The Ignored Iraqis
Dec 26, 2006
Recently at National Review Online, Nina Shea wrote about the plight of non-Muslims in Iraq--a population that numbers around a million.
The situation of the non-Muslim minorities — largely Christians (Chaldean Catholics, Assyrians, Syriac Orthodox, Armenians, Protestants, and Evangelicals), but also including Yizidis (adherents of an ancient angel religion), Mandeans (followers of John the Baptist), Baha’is, Kaka’i (followers of a syncretistic religion in the Kirkuk area), and Jews — is uniquely dire. Half of them are estimated to have been driven from their homes in the past three years, either to other parts of the country or abroad. The very existence of these non-Muslims within Iraq may soon be extinguished under pervasive persecution that the U.N. High Commissioner on Refugees says is targeted against them due to religion.
They have little defense.
Lacking the militias, tribal structures, and foreign champions of Iraq’s other groups, these Christians and other small groups are singularly defenseless. Some Islamist fundamentalists target them out of pure religious intolerance.
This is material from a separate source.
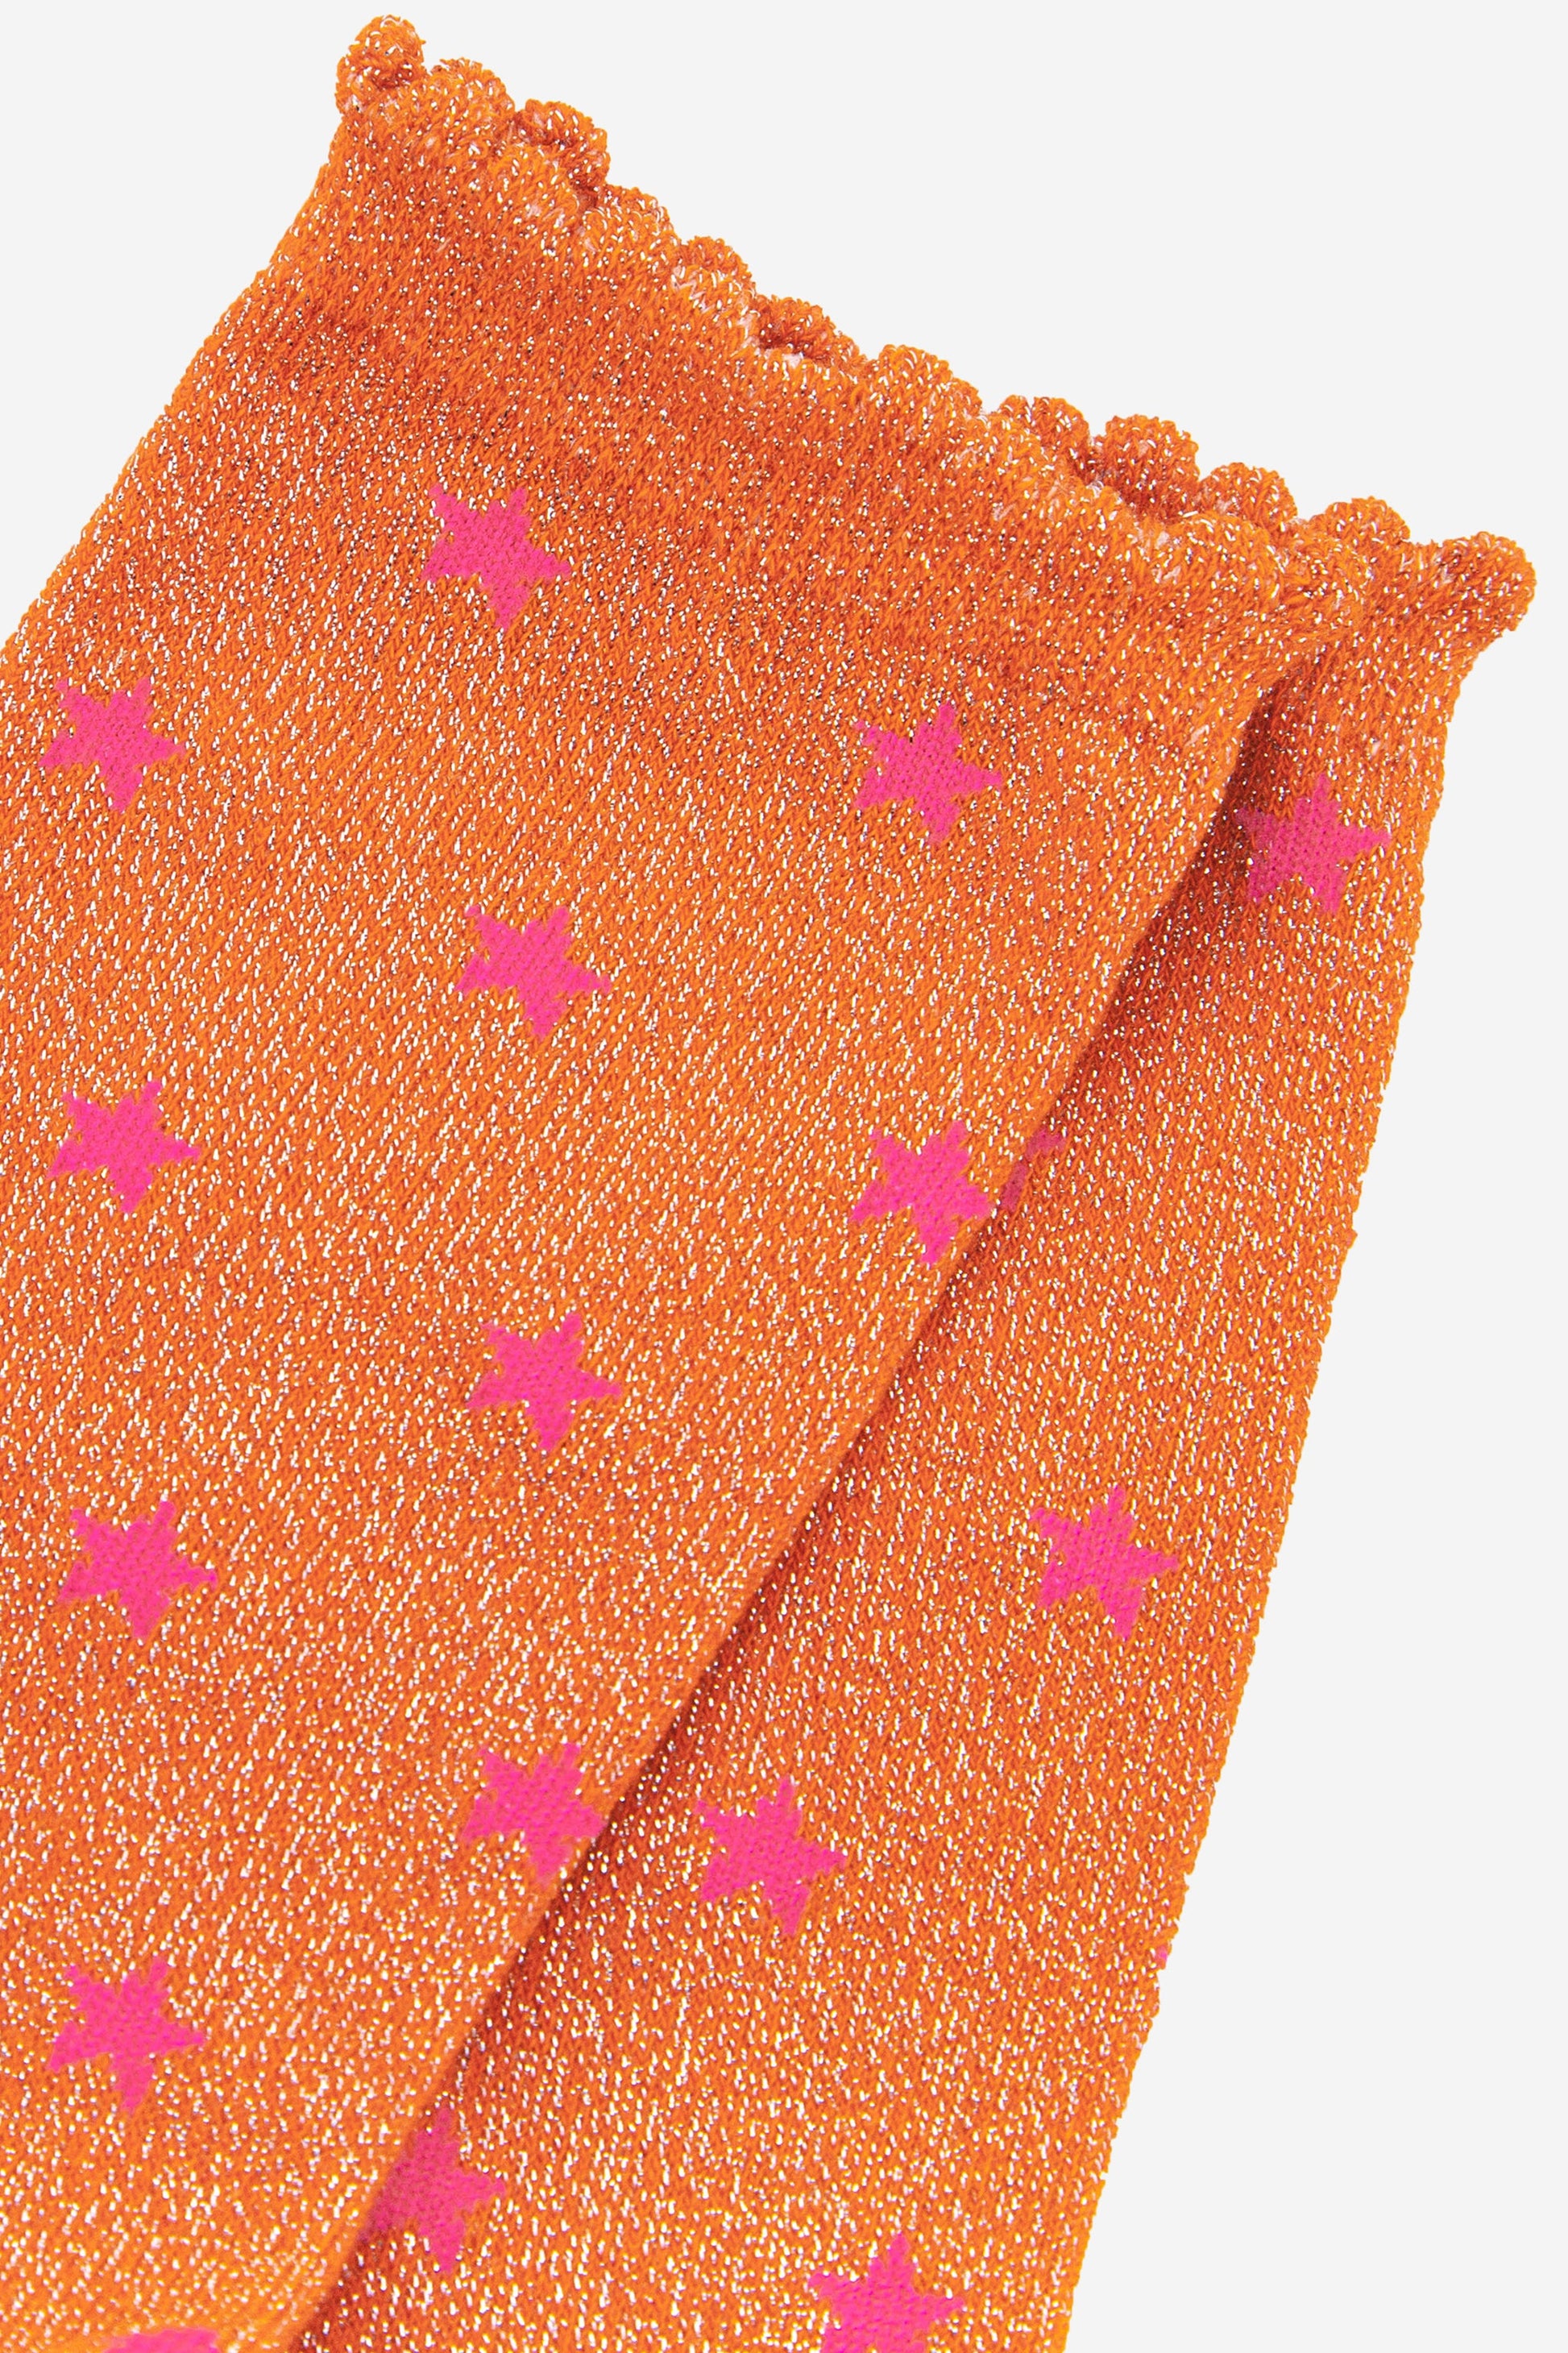 close up of the pink star pattern on the orange glitter socks
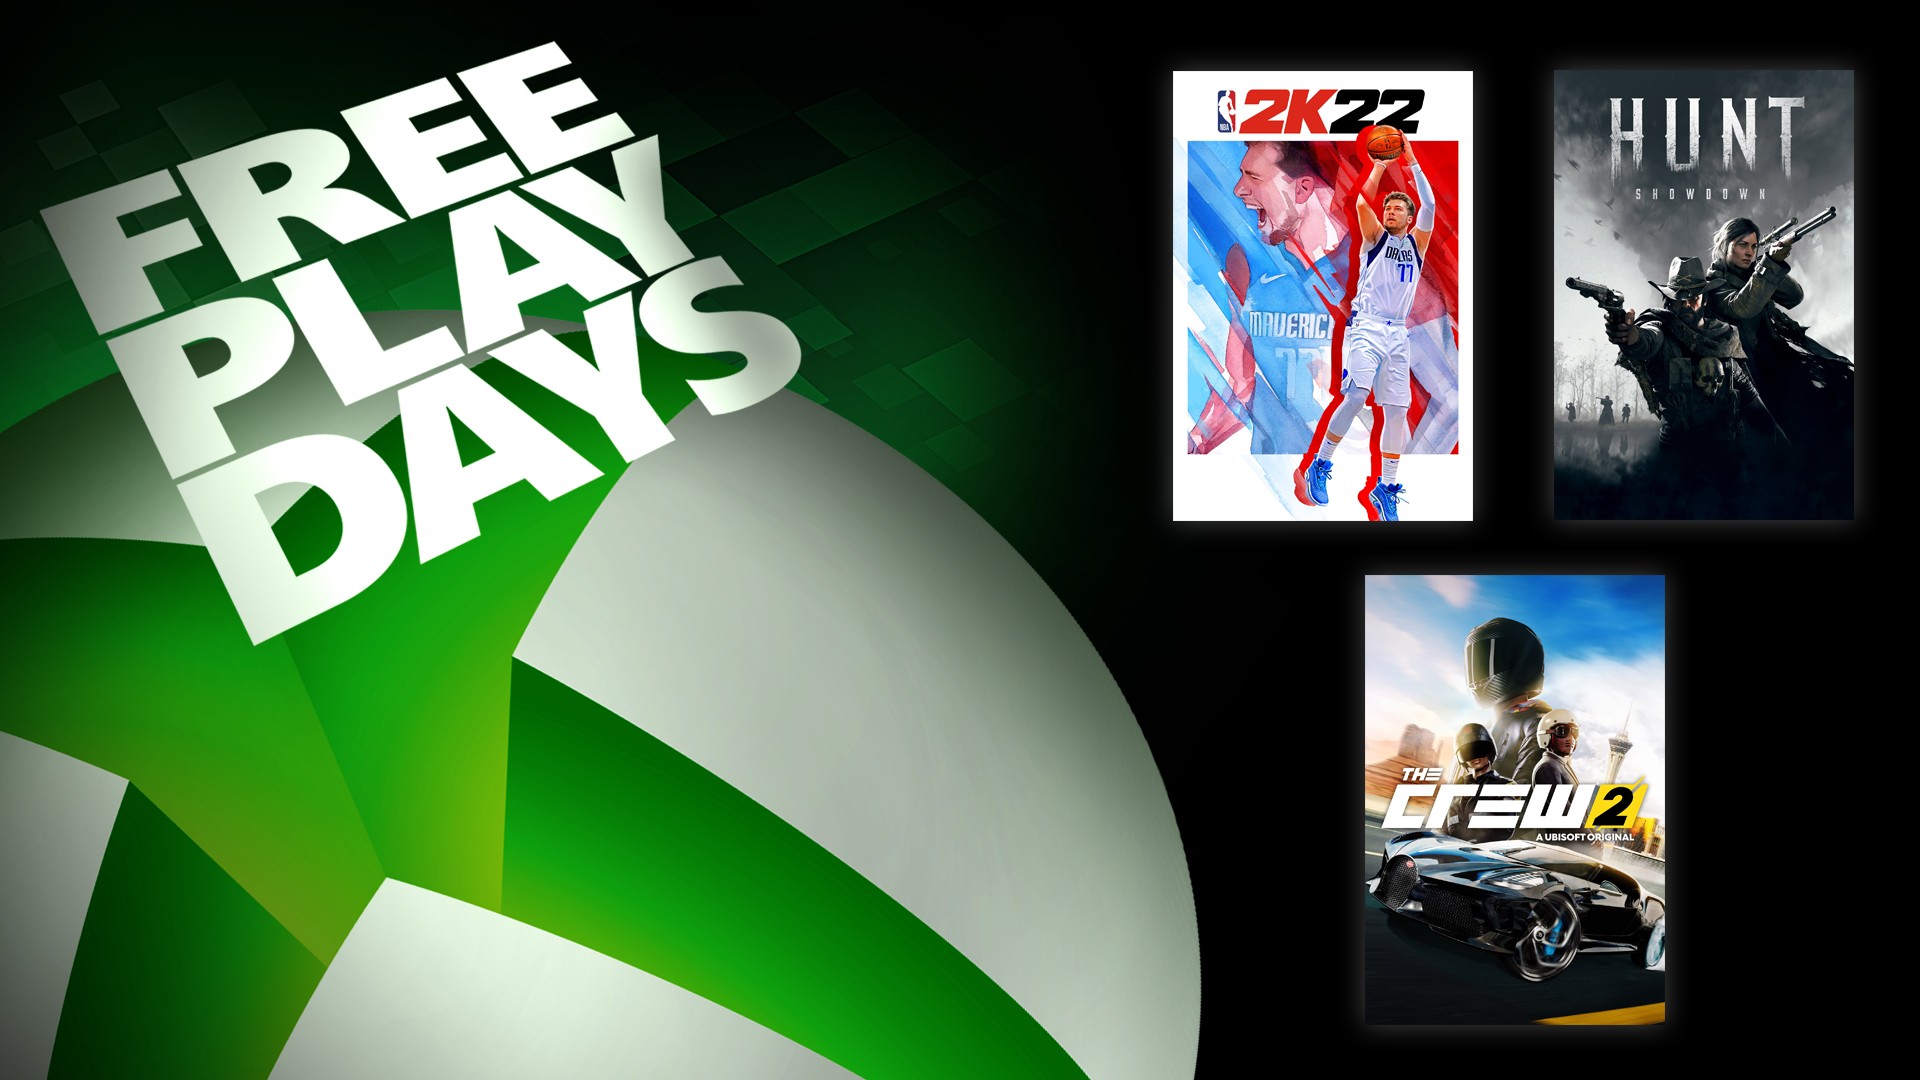 Free Play Days – NBA 2K22, The Crew 2, and Hunt: Showdown

To the extremist mindset, the non-Muslim religion and culture of the Christians and other small religious minorities identify them as collaborators with the “infidel occupiers.” And, because they do not govern any governmental department, they are at the tender mercies of those dominant groups who aim to take their property, businesses, and villages, and withhold from them American reconstruction aid.
Note: I have provided the Immigration and Refugee Board of Canada an article by Nina Shea in which she talks about apostasy in the Islamic world. Her writings are very valuable.